Our data reveal differences from the features previously described for AIS plasticity in the nature and timing of the AIS changes as well as in their underlying mechanisms. Grubb and Burrone (32) showed that chronic depolarization with 15 mM K+ or with optogenetic stimulation moved essential elements of the AIS, including Nav channels, ankyrin G, βIV spectrin, and FGF14, away from the soma by up to 17 µm. This AIS relocation took 2 d to occur and was correlated with homeostatic alterations in intrinsic neuronal excitability. This distal shift depended on the activation of l-type voltage-gated calcium channels and on related downstream signaling events mediated by the Ca2+-calmodulin–sensitive phosphatase calcineurin (32, 51). In our study, the shift of ankyrin G away from the soma did not occur within this 1-h time-window but instead required 2 d, matching with the time needed to rescale the spontaneous firing rate. Furthermore, the rapid homeostatic changes in the AIS induced by prolonged M-channel inhibition were not dependent on l-type Ca2+ channel activity but were contingent on CK2. The significant structural and functional differences in AIS alterations induced by decreased M-channel activity and by high-K+–induced depolarization/optogenetic stimulation suggest that, depending on the nature of the excitability trigger, different signaling pathways can be mobilized to produce multiple forms of AIS plasticity.

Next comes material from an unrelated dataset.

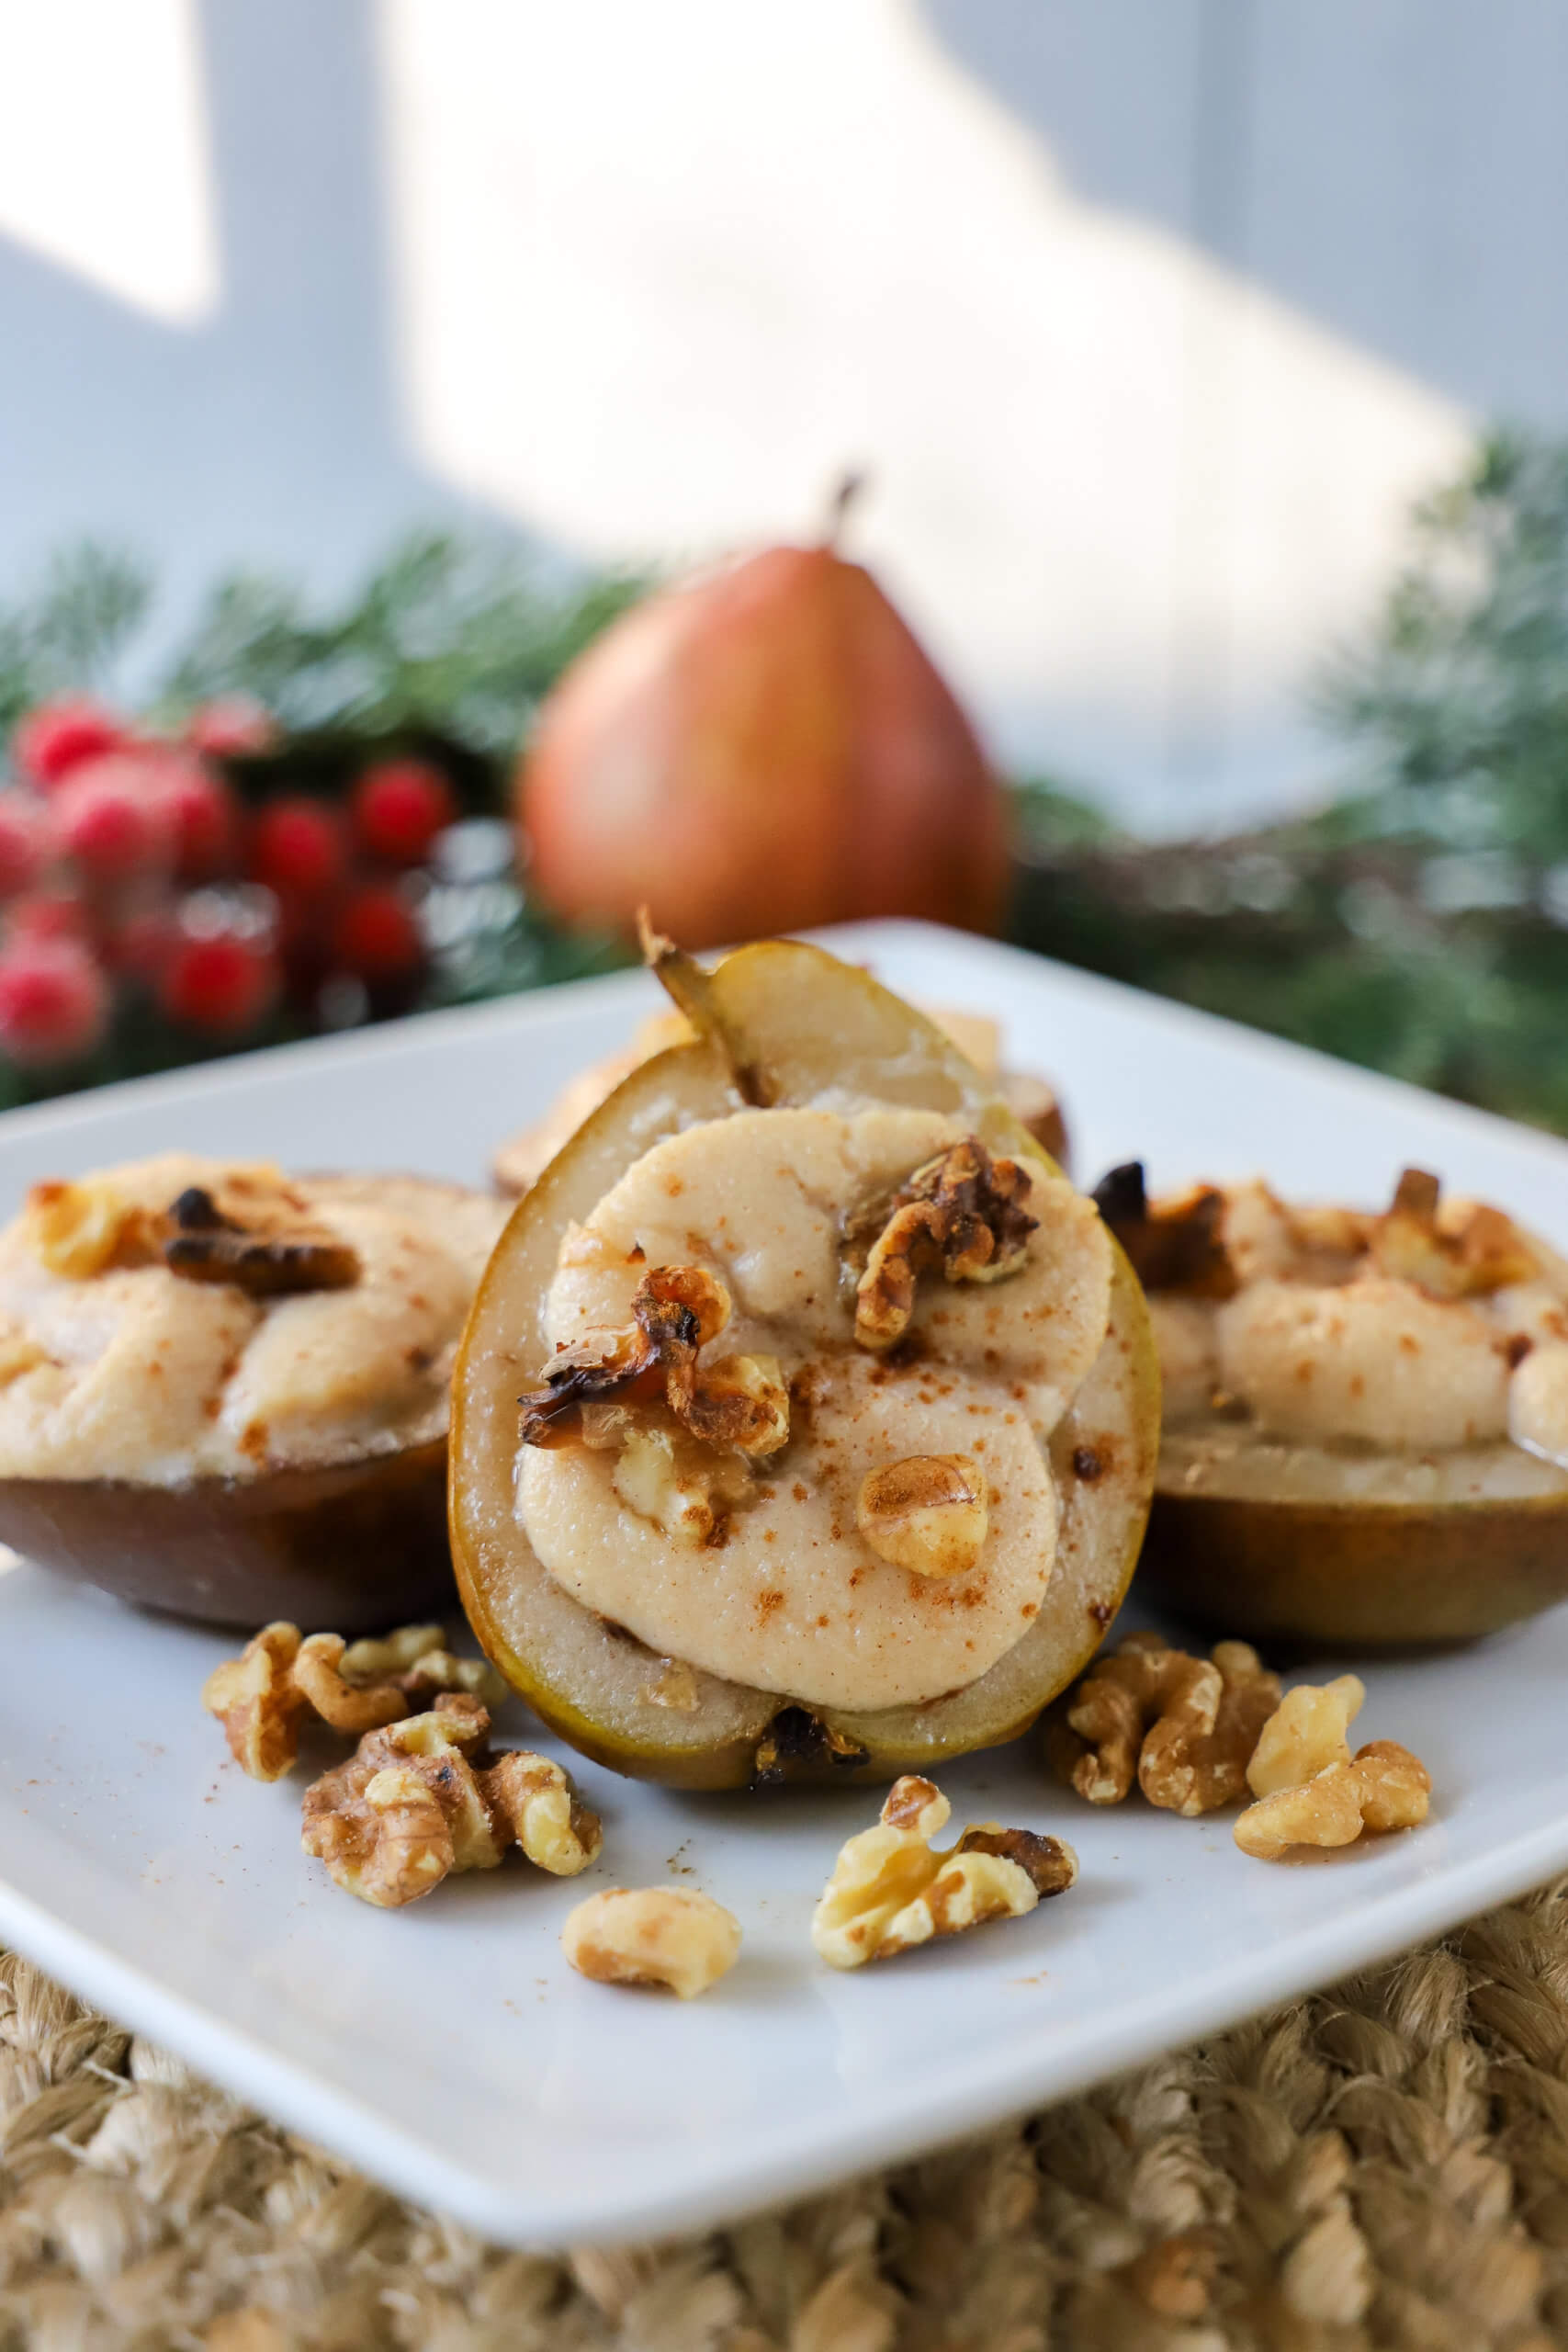  Baked Cinnamon Ricotta Pears

The concomitant distal relocation of Nav and Kv7.3 segments along the AIS suggests that these channels redistribute as a structural and functional unit. In support of this idea, FGF14 was shown to interact with both the Nav1.6 and Kv7.2 channels, thereby enabling their bridging in the AIS (38). FGF14 was proposed to be an organizer of Nav1.6 and Kv7 channel localization in the AIS (38). Therefore, it is highly significant that FGF14 exhibited a 4-μm distal shift following 4 h of XE991 treatment without a change in its total length (Fig. S5). This FGF14 distal relocation is like that of the Kv7.3 and Nav channels. Our data suggest that, after M-channel–triggered plasticity, FGF14 undergoes homeostatic changes similar to those of the Kv7 and Nav channels and support the notion that, thanks to FGF14 bridging, both AIS channels control neuronal excitability as one functional unit.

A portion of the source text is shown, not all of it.